1.       I slow down the development of tinnitus or whatever ear infection I’m sure to earn from continued and non-stop loud iPod playing because for as long as I own one, I will never cease to use it on every possible occasion, for as long as I have functioning ears.

2.       My CD-buying/CDs will be justified. They will look less pointless now that I have to turn to CDs again for music playing.

3.       I become aware that there are really seriously kind, concerned, non-lousy policemen in this country. From now on, I wouldn’t automatically think that policemen are just guys who freeload off buses. Thanks to Manila Police Officer Campos, he of the fine cheekbones and manners.

4.       I get to read more books. It will have to be the only entertainment of choice for long trips. Snatchers will never ever steal your paperback, ever.

5.       I have less reason to tinker with the computer because I have less reason to arrange iTunes playlist, which I spend a lot of time on.

6.       I don’t have to buy a protective case, something I’ve been meaning to do for the last 3 months.

7.       There is less urge to check Twitter and Facebook now that I can’t access them from a mobile device.

8.       Strangers I sit next to in buses and shuttles have no more reason to get annoyed by me, leaker of really loud music.

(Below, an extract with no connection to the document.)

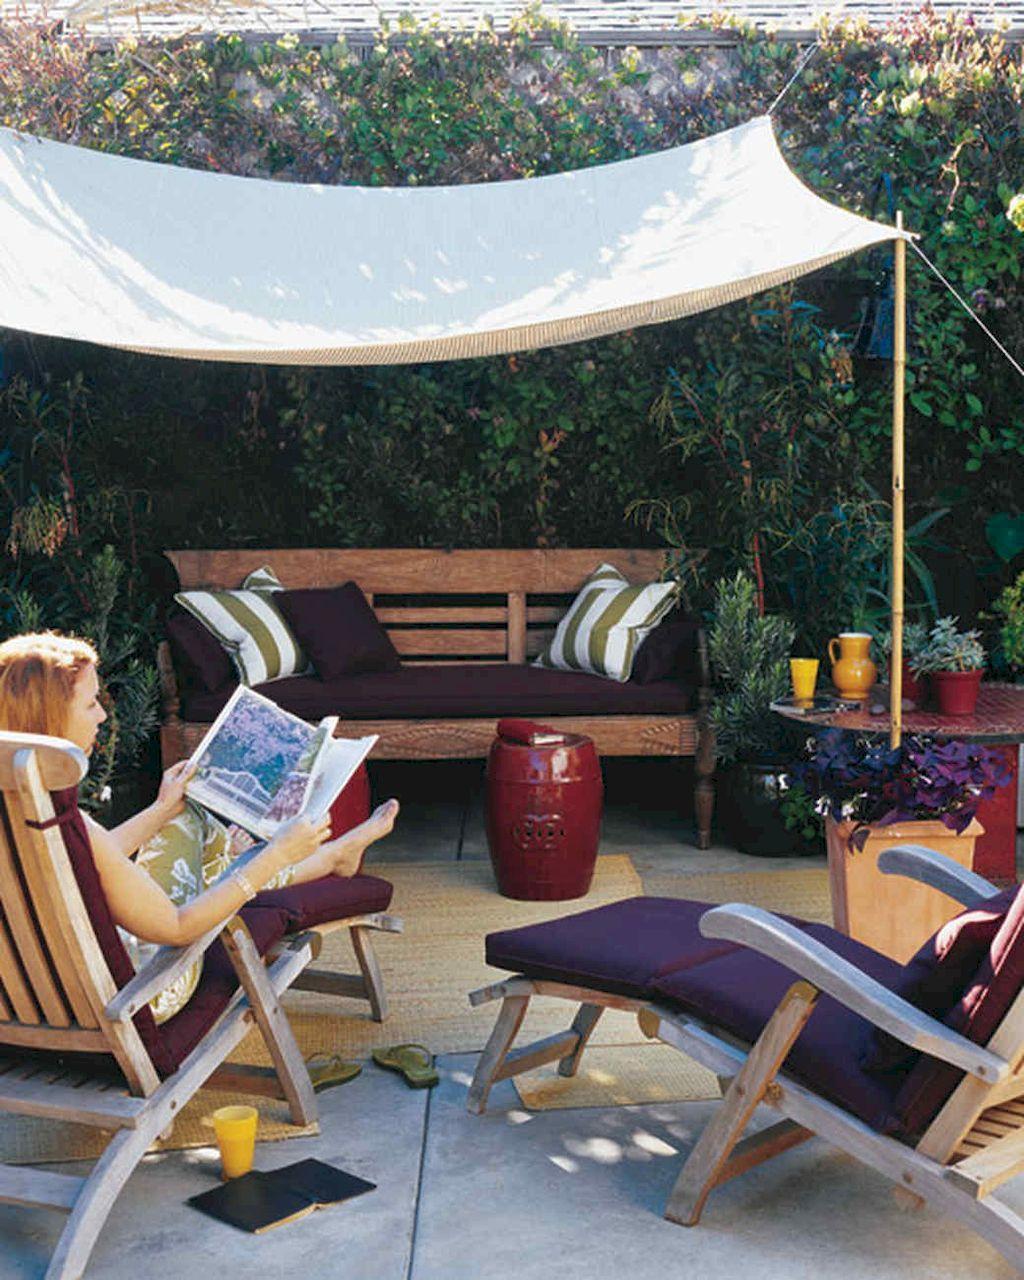 Adorable 50 fresh concept outdoor canopy for home patio

9.       My disdain for trains (MRT and LRT – the worst trains in the universe) will be more justified. I know there are thieves anywhere but our rail transport system, which gives a truly false sense of security by having mangmang guards check up on everyone’s belongings, prove to be totally worthless in times of trouble. I can’t decide which I hate more, the guards or the trains. Even, I guess. But as I’ve said, no sulking this time. And security guards deserve an entire blog post on its own.